8. History’s Most Extreme Female Pirate
Zheng Yi Sao, also known as Ching Shih or Madame Chin (1775 – 1844), was a Chinese Qing Dynasty pirate who terrorized South China in the early nineteenth century. She commanded tens of thousands of outlaws, and was arguably history’s most successful pirate. She challenged the British Empire, the Portuguese Empire, as well as the Chinese Qing Dynasty, and still survived to retire from piracy and into a peaceful life. A former prostitute who married a powerful pirate named Cheng, she participated fully in his piratical activities. Upon his death, she inherited his outlaw realm, and became known as Ching Shih, Chinese for “Cheng’s Widow”.
She was not just a widow who lucked into a huge inheritance: her own legacy as an infamous pirate far exceeded that of her departed husband.
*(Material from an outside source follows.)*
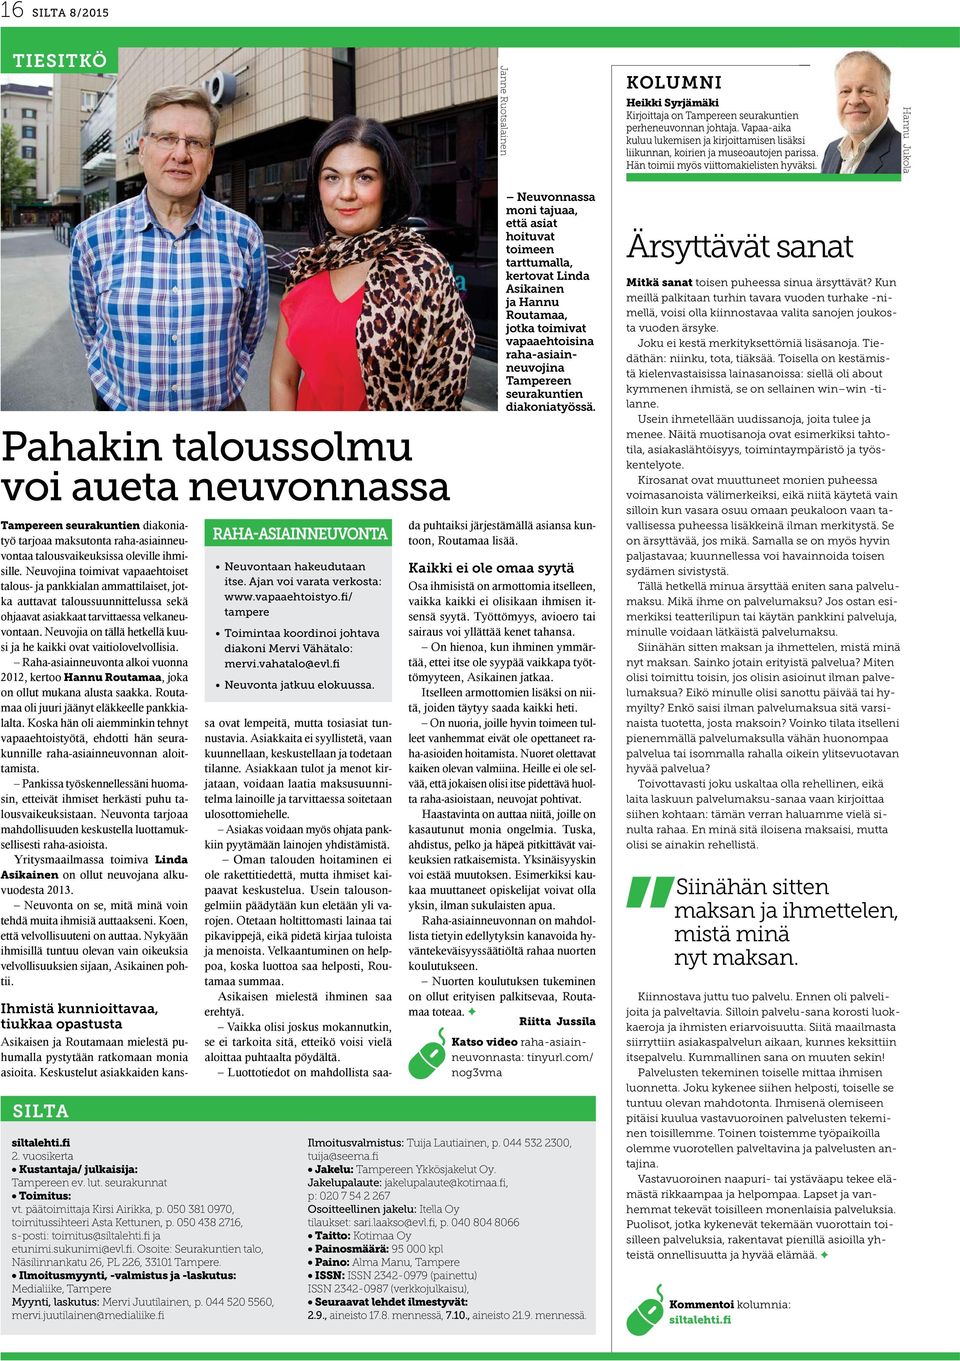 Hannu Jukola Pahakin taloussolmu voi aueta neuvonnassa Tampereen seurakuntien diakoniatyö tarjoaa maksutonta raha-asiainneuvontaa talousvaikeuksissa oleville ihmisille.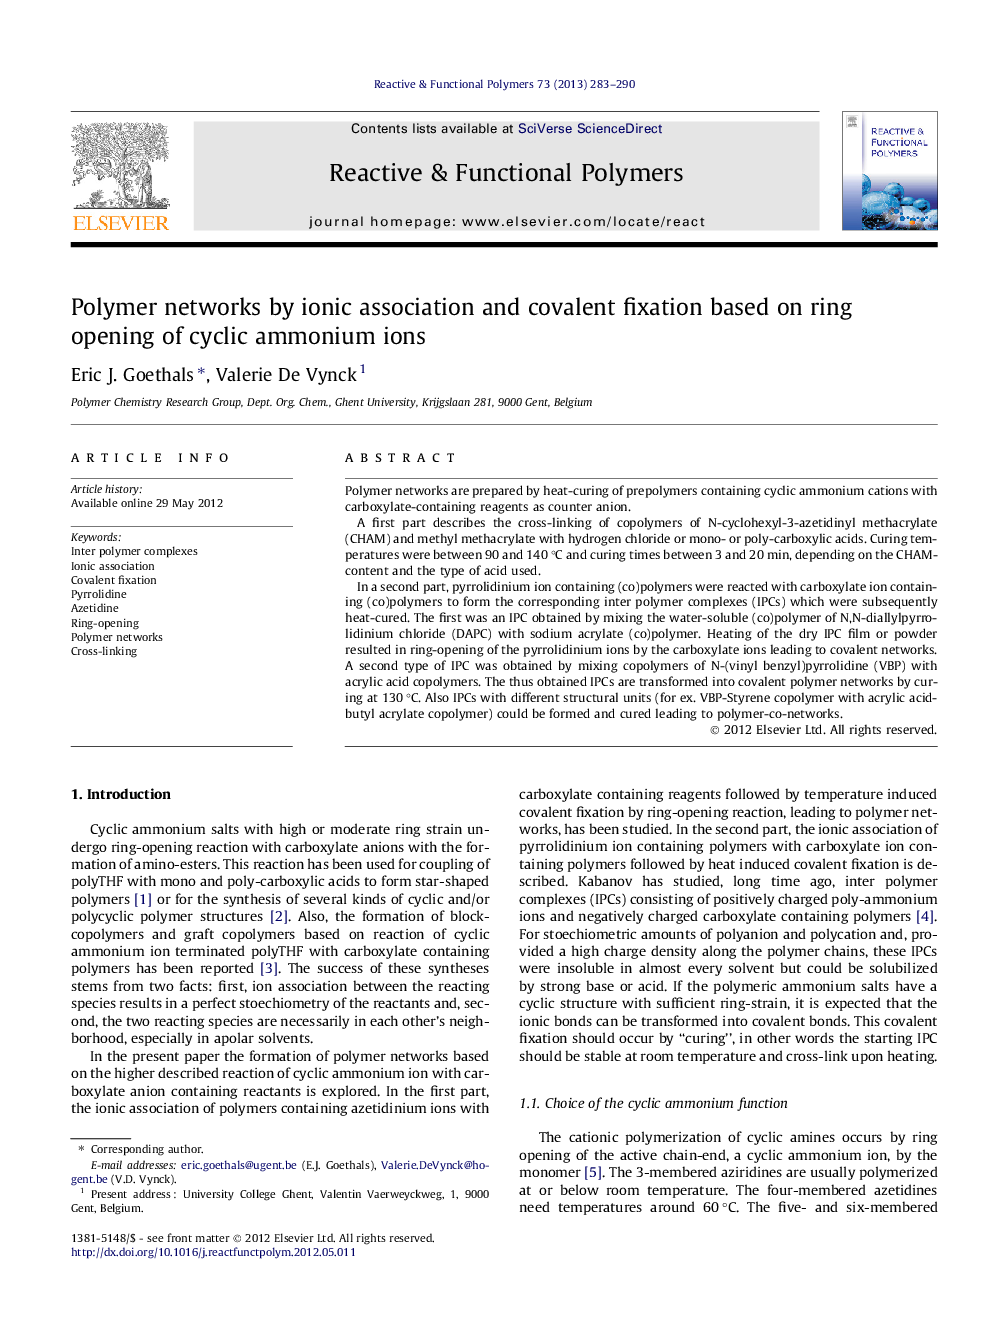 شبکه های پلیمری با استفاده از یونیک و فیکساسیون کووالانسی بر اساس باز شدن حلقه یون های آمونیوم سیکل

Her success owed much to her talent for choosing capable subordinates. The most formidable of them was Cheung Po Tsai (1783 – 1822), whose name translates as “Cheung Po, the Kid”. He was a poor fisherman’s son who was kidnapped at age fifteen by Madame Ching and her husband, and pressed into their crews. The teenager exhibited a precocious talent for the new career suddenly thrust upon him, and rose swiftly through the ranks.